SELLING STOCKHOLDERS
          The shares of common stock covered by this prospectus include an aggregate of 6,681,000 shares. The common stock covered by this prospectus includes:
    5,100,000 shares of common stock issued on March 10, 2006 upon conversion of 1,000 shares of Series B Convertible Preferred Stock (“Series B Stock”) we issued on November 14, 2005 in a private placement to a limited number of accredited investors;
 
    up to 1,530,000 shares of common stock, equal to 30% of the number of shares of common stock issuable upon conversion of the Series B Stock, we may be required to issue from time to time upon exercise, for cash, of warrants we issued on November 14, 2005 to the original purchasers of the Series B Stock; and
 
    up to 51,000 shares of common stock we may be required to issue from time to time upon exercise of warrants we issued on November 14, 2005 to the placement agents (or their affiliates) for the Series B Stock.

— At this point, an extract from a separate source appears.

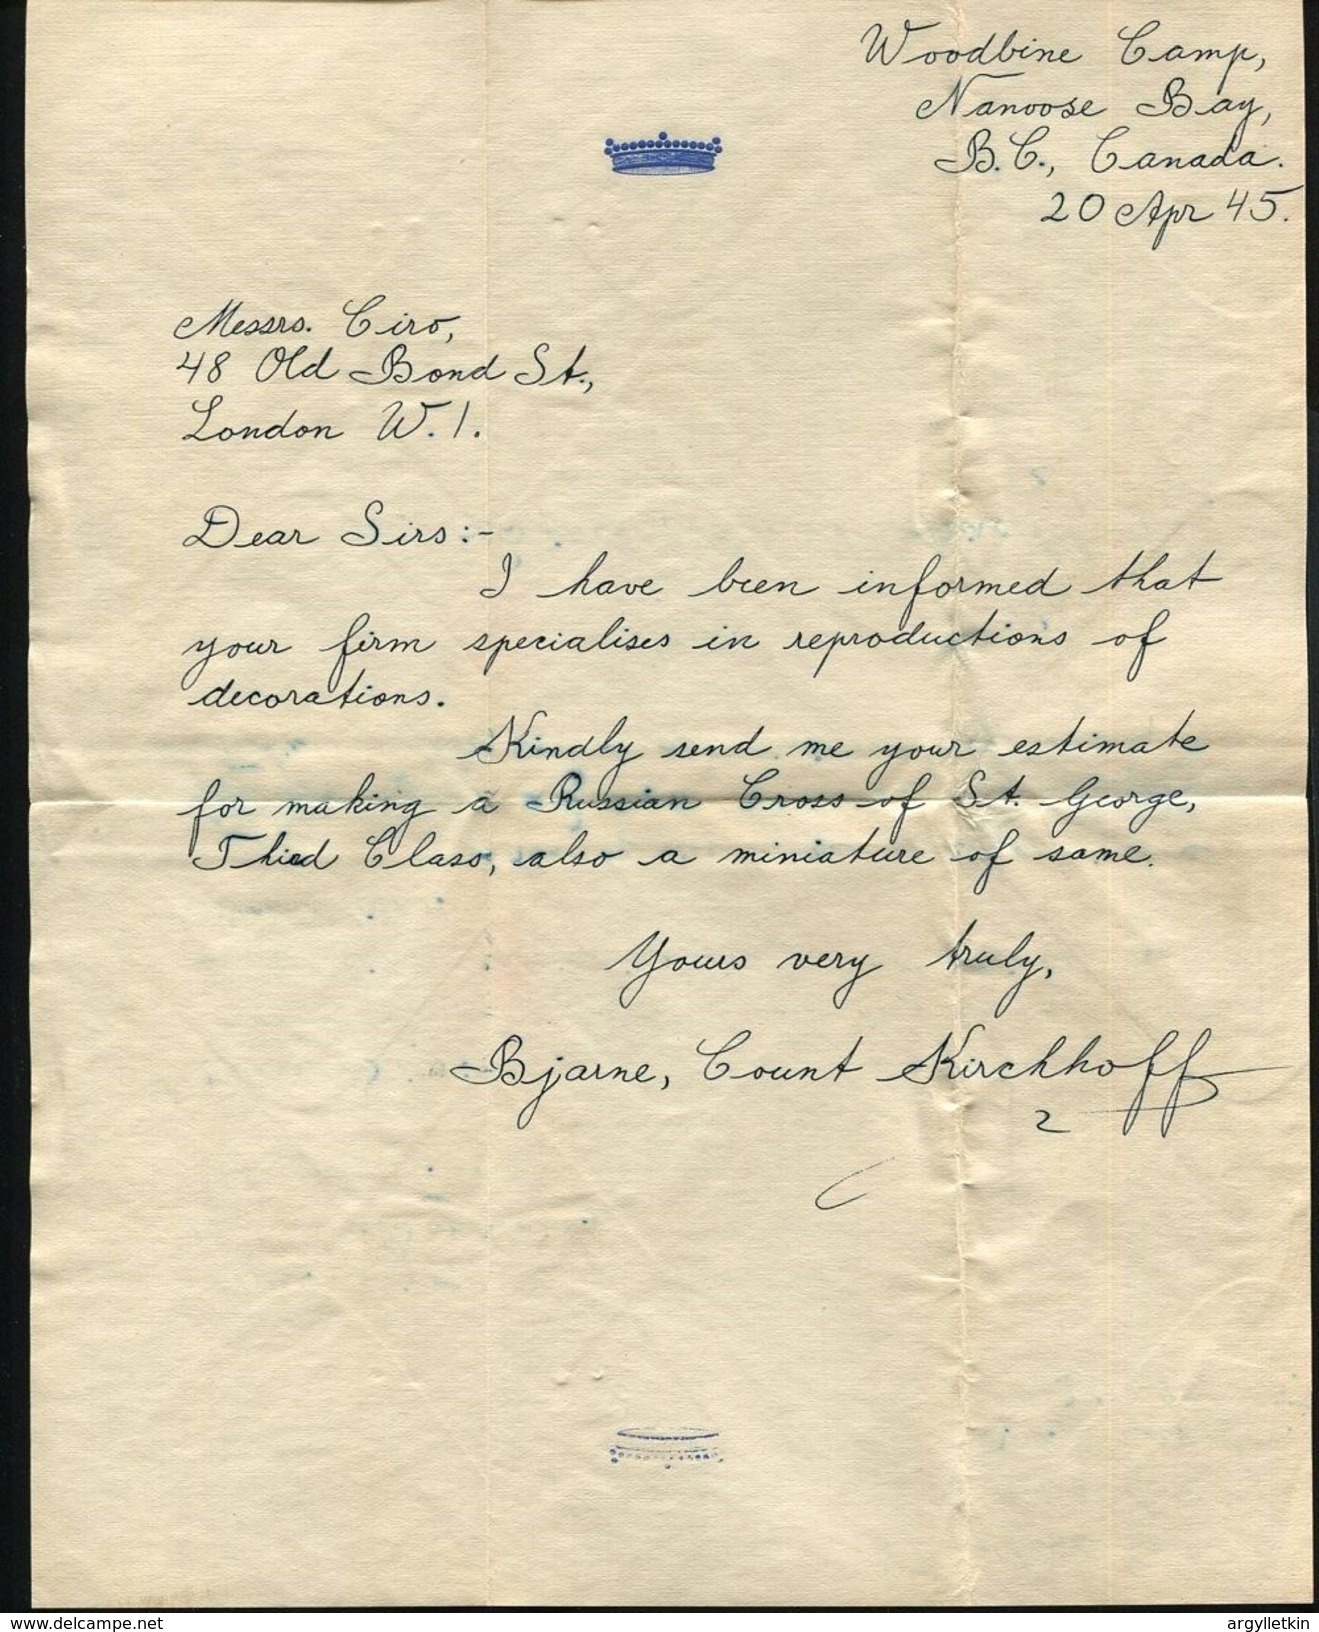 CANADA NANOOSE BAY GB LONDON WRECK 1945 SCYTHIA RUSSIA COUNT KIRCHHOFF - Gedenkausgaben

          All 1,000 shares of Series B Stock, which are not covered by this prospectus, were automatically converted into an aggregate 5,100,000 shares of our common stock on March 10, 2006, the date the Securities and Exchange Commission first declared effective the registration statement to which this prospectus relates. The Series B Stock and the warrants were issued in reliance upon exemptions from registration under the Securities Act of 1933, as amended, afforded by Section 4(2) and Rule 506 of Regulation D thereunder.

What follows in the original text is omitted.